Ia menepis tangan pemuda itu dan mundur beberapa langkah menjauhinya. "Kau siapa?" kali ini ia lebih memberikan tekanan pada kalimatnya.
"Rokudo Mukuro," bisik pemuda itu di telinganya.
Suara pemuda bernama Mukuro itu memberikan sensasi aneh diseluruh tubuhnya. Aneh bercampur bingung karena baru pertama kali ini ia dalam kenyataan bertemu dengan makhluk lain bahkan berbicara padanya.
"Kita pernah bertemu di dalam mimpi." Mukuro tidak bisa menghentikan senyumnya, entah karena memang itu sifat dari pemuda berwajah tampan itu atau karena gambaran dari perasaan yang senang bertemu dengannya.
"Mimpi?" Ia teringat akan mimpinya beberapa waktu yang lalu, sebuah mimpi yang ia lupakan. Ia mencoba mengingat kembali mimpi apa itu, tetapi sulit yang ia temukan hanyalah kilasan memori tanpa suara dan hanya berupa siluet.

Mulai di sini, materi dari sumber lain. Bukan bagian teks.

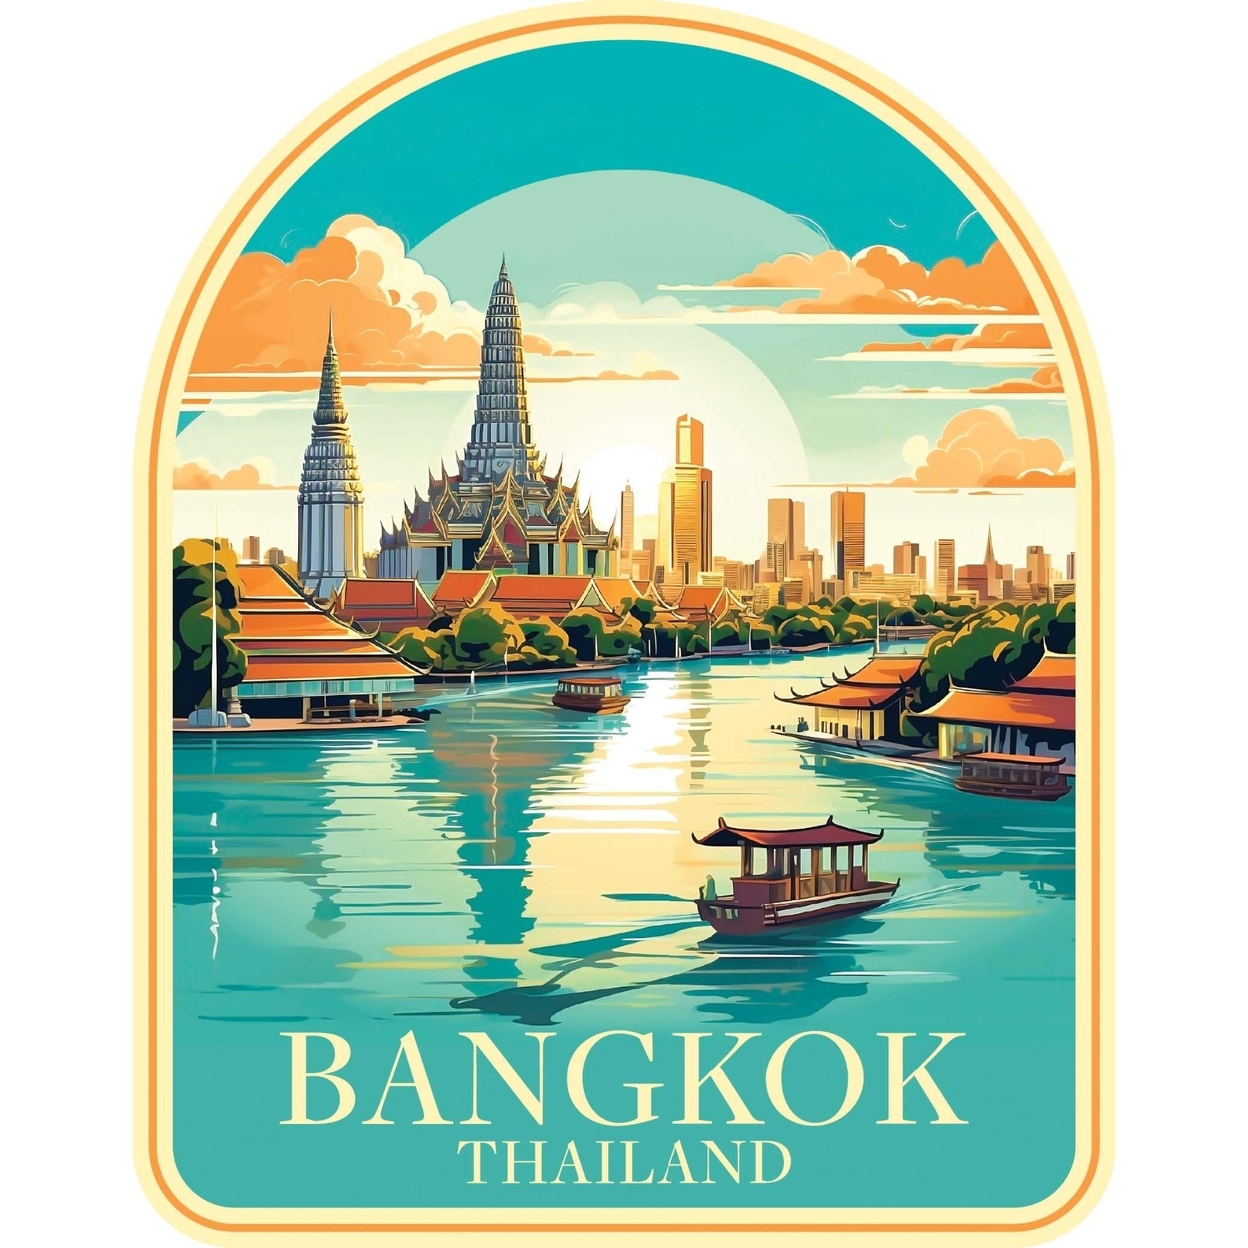 Bangkok Thailand A Souvenir Vinyl Decal Sticker - 6-Inch
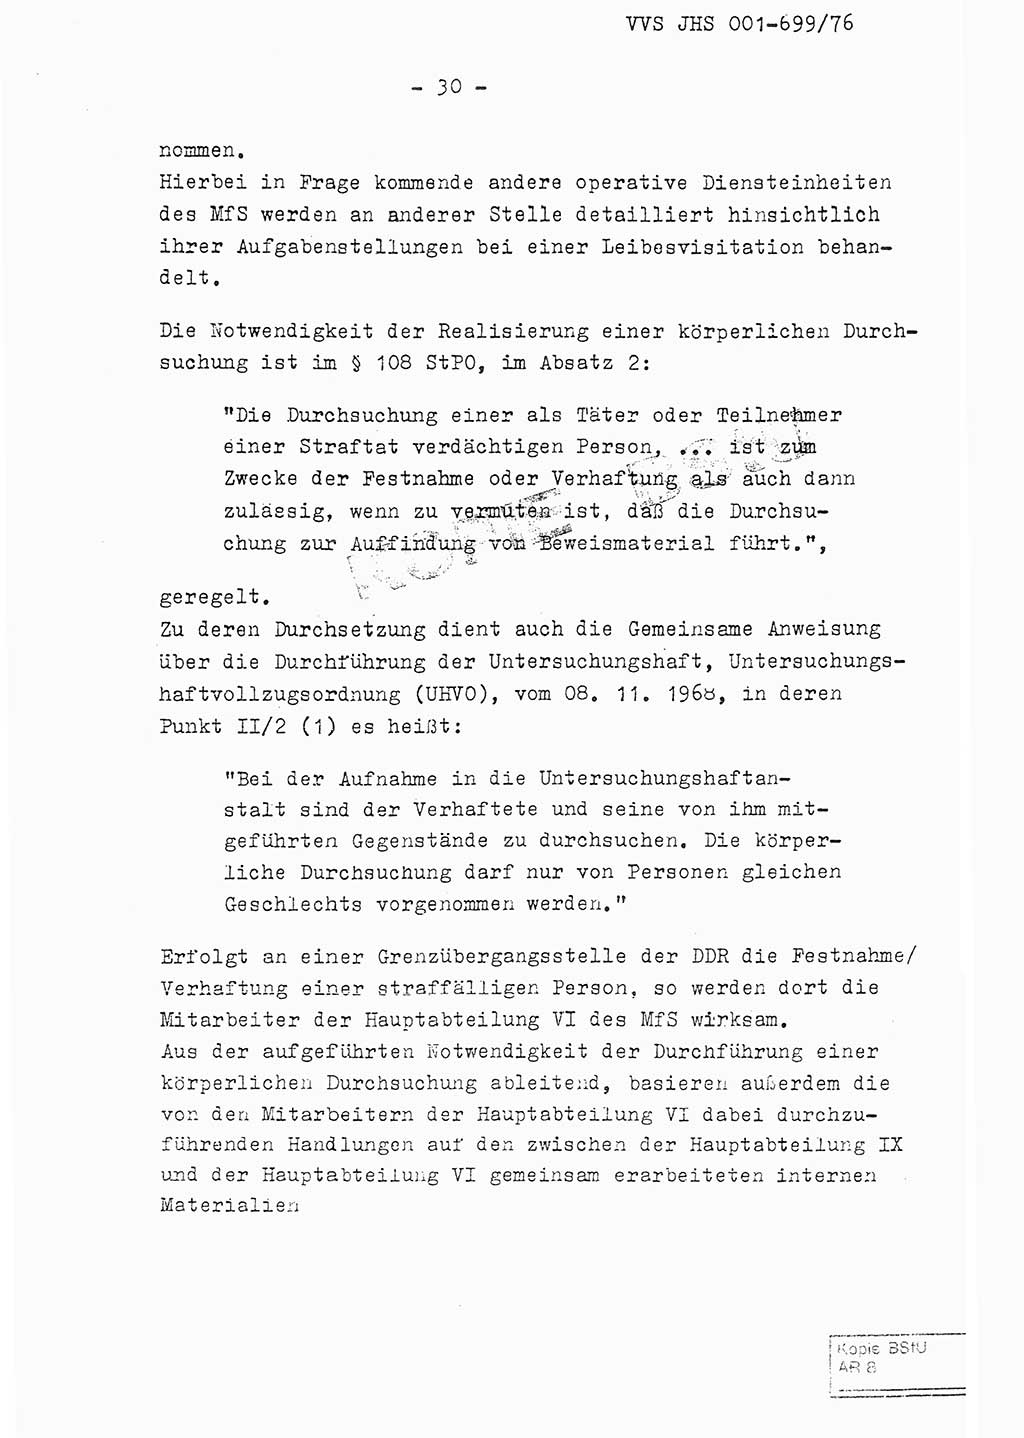 Fachschulabschlußarbeit Leutnant Volkmar Taubert (HA Ⅸ/9), Leutnant Axel Naumann (HA Ⅸ/9), Unterleutnat Detlef Debski (HA Ⅸ/9), Ministerium für Staatssicherheit (MfS) [Deutsche Demokratische Republik (DDR)], Juristische Hochschule (JHS), Vertrauliche Verschlußsache (VVS) 001-699/76, Potsdam 1976, Seite 30 (FS-Abschl.-Arb. MfS DDR JHS VVS 001-699/76 1976, S. 30)

"Ya, aku datang untuk memenuhi janjiku." Tiba-tiba Mukuro memeluknya dengan sangat erat. Tentu saja ia mencoba lepas dari pelukan itu tetapi usahanya terhenti ketika Mukuro membisikkan sesuatu. Sesuatu yang membuatnya lemah, sesuatu yang membuat degupan jantungnya menjadi tak karuan, sesuatu yang sejak lama ingin ia dengar. Seiring dengan pelukan itu langit di dunia ini mulai runtuh, hancur seperti puzzle yang berantakan ketika dibongkar. Lalu sekali lagi, Mukuro berbisik, bisikan yang semakin membuat dimensi ke seribu ini hancur.
"Aku menemukanmu, Hibari Kyoya."
.
"Kau, maukah kau menemukanku? Keluarkan aku dari dunia ini."
"Aku berjanji, aku akan menemukanmu dan menghancurkan dunia yang mengurungmu."